Kekuatan kampus dan kekuatan masyarakat sipil pun dibuat terlena dengan pesona pembangunan yang mercusuar itu dan tidak sedikit yang menjadi stempel manis, meski pembangunan yang meraksasa itu sejatinya membawa ironi bagi rakyat banyak dan masa depan bangsa. Di mana moralitas berada dalam kesadaran kolektif kekuatan sosial yang semestinya mengedepankan nilai moralitas. Hal itu terjadi karena orientasi kepentingan jauh lebih utama ketimbang orientasi dan dasar nilai moral.
Implementasi Moralitas
Moral dan moralitas sangatlah penting dalam kehidupan bangsa Indonesia. Di atas hukum, politik, dan ekonomi terdapat moral. Perlu filsafat moral dalam kehidupan kebangsaan. Sumber nilainya ialah Pancasila, Agama, dan Kebudayaan luhur Indonesia. Agar perjalanan bangsa tidak sekadar maju berdasar nilai guna, tetapi juga nilai kebenaran, kebaikan, dan keluhuran berlandaskan dasar filosofis Negara Indonesia.
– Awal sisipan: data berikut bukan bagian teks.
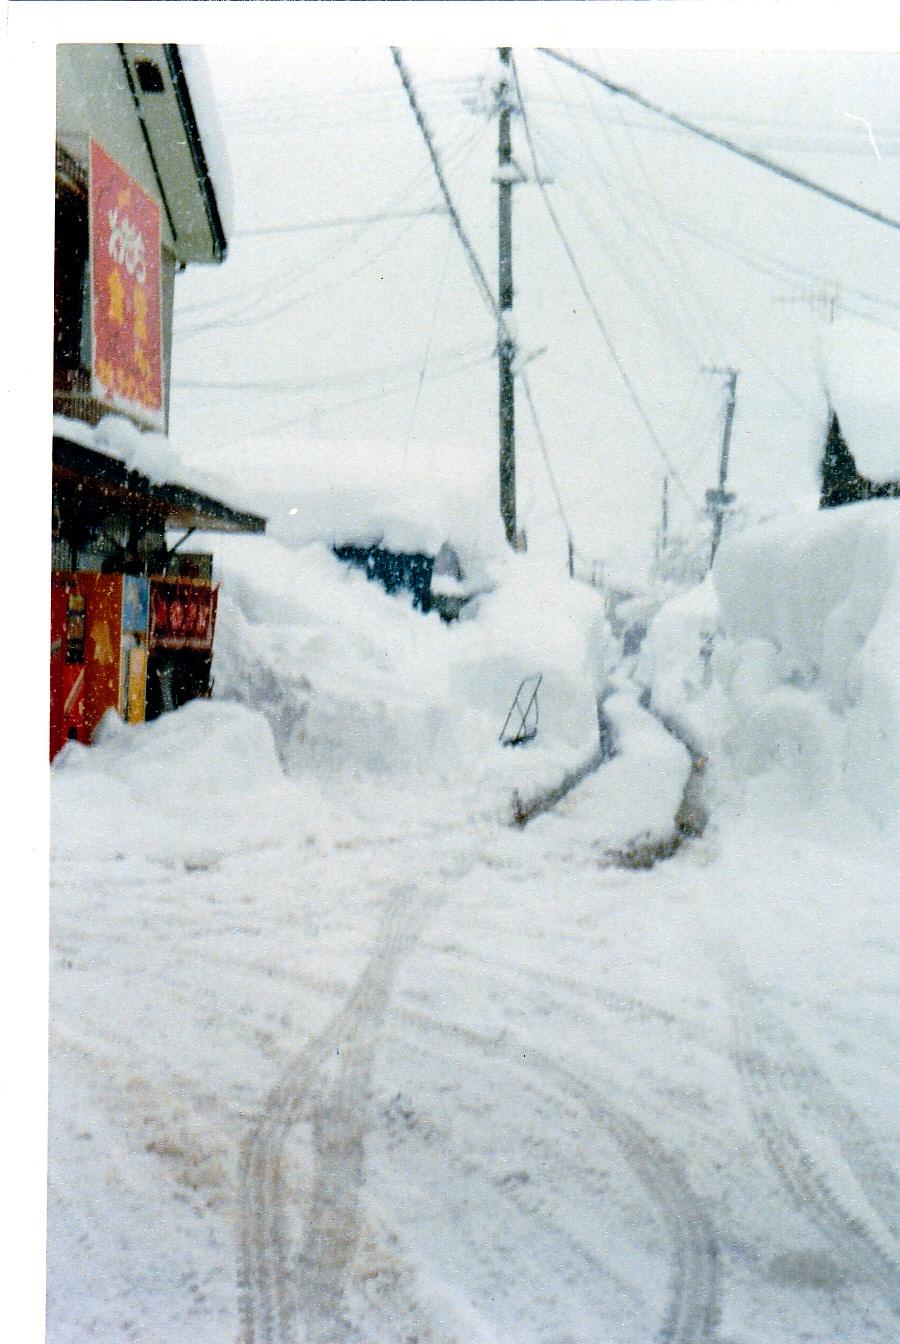 昭和56~59 津南駅周辺 10 - 真の日本一の豪雪地帯、松之山町からの雪ヲタによる実況と配信とか

Membangun Indonesia itu bukan hanya ragad-fisiknya semata, ujar Mr Soepomo, sebab “Indonesia itu bernyawa”. Soekarno pidato 1 Juni 1945 bicara tentang Pancasila sebagai “philosophische grondslag” atau “Weltanschauung” yaitu sebagai “fundamen, filsafat, pikiran yang sedalam-dalamnya, jiwa, hasrat yang sedalam-dalamnya untuk di atasnya didirikan gedung Indonesia Merdeka yang kekal dan abadi.”. Di dalamnya terdapat nilai dan modalitas luhur tentang keindonesiaan sebagaimana tercermin dalam lima sila Pancasila. Dalam bait lagu Indonesia Raya karya WR Soepratman dengan tegas dikumandangkan: “Bangunlah Jiwanya, Bangunlah badannya”. Sila kedua Pancasila bahkan secara tegas terkandung nilai “Kemanusiaan yang adil dan beradab”, yang memiliki dasar nilai pada sila pertama “Ketuhanan Yang Maha Esa”.
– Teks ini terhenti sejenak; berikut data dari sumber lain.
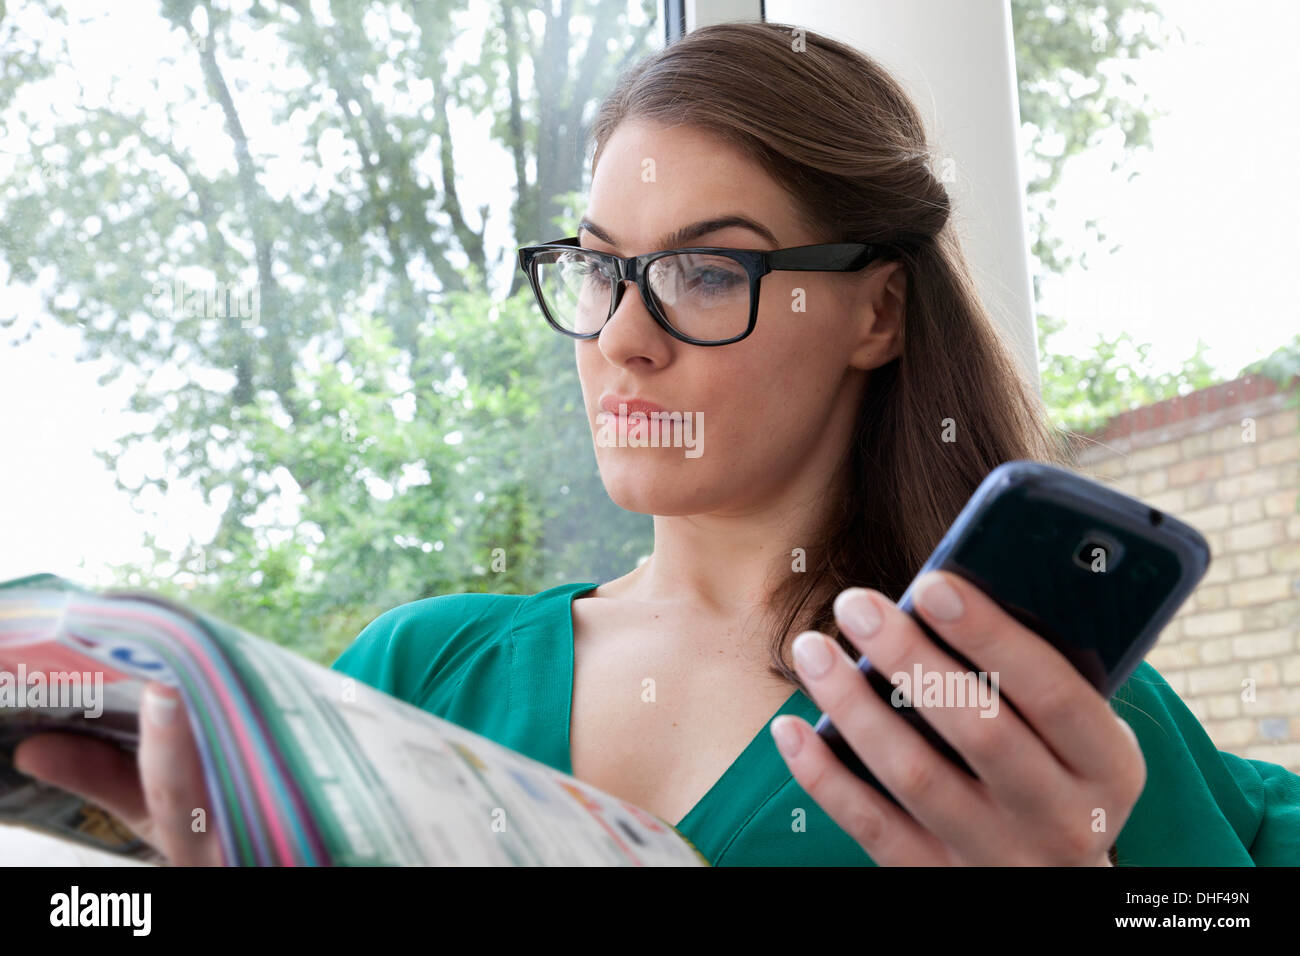 Women Wearing Reading Glasses Stockfotos und  bilder Kaufen   Alamy

Namun masalah pembangunan moral selalu pada implementasi, bagaimana implementasinya dalam kebijakan negara dan praktik hidup berbangsa?. Pada era Pemerintahan Soekarno-Hatta dikenal “Nation and Character Building”. Zaman Soeharto populer “Membangun Manusia Indonesia seutuhnya”. Pada era reformasi ada “Pembangunan Karakter Bangsa”.
Indonesia saat ini tengah demam memasuki era Revolusi 4.0, revolusi saintifik berupa kemajuan teknologi informasi atau digital yang spektakuler. Tapi apakah bangsa Indonesia siap dengan era baru tersebut? Indonesia mestinya jangan melompat tanpa prasyarat nilai dan moralitas manusianya. Jangan sampai merancang era metaverse, pengembangan artificial intelegence, revolusi biotek yang canggih, dan bangga atas kemampuan anak bangsa dengan penguasaan teknologi IT, namun tidak disertai dengan dasar nilai dan karakter bangsa yang kuat. Jika tidak ada keseimbangan akan melahirkan “Cultural Shock” (Alvin Toffler) atau “Cultural Lag” (William Ogburn) seperti temuan antropolog Amerika Serikat Edmund Carpenter, yakni terjadi tragedi “technetronic ethnocide” sebagaimana menimpa suatu etnik di Indonesia.
Ketika berbicara tentang era Disrupsi, catatlah bahwa tren-nya bukan sekadar inovasi dan revolusi IT, tetapi menurut Francis Fukuyama perhatikan fenomena “The Great Desruption” yaitu kekacauan sosial besar-besaran dalam lanscape kebudayaan manusia, seperti terjadi di Amerika Serikat, telah mengalami pergeseran besar selama tiga dekade terakhir dalam struktur sosialnya; kriminalitas meluas, kepercayaan menipis, keluarga berantakan, dan individualisme mengalahkan komunitas.
Permasalahan moralitas ialah soal implementasi terutama ketika harus berhadapan dengan alam pikiran yang berbeda dari dasar moral. Apakah pemikiran dan suara moral masih relevan dan didengar di tengah dunia yang didominasi alam pikiran pragmatisme, yakni pemikiran yang didasari bahwa yang benar dan baik itu yang berguna. Demikian juga dengan oportunisme, yaitu alam pikiran yang memanfaatkan kesempatan untuk kepentingan diri, kroni, dan kelompok sendiri meski merugikan hajat hidup orang banyak.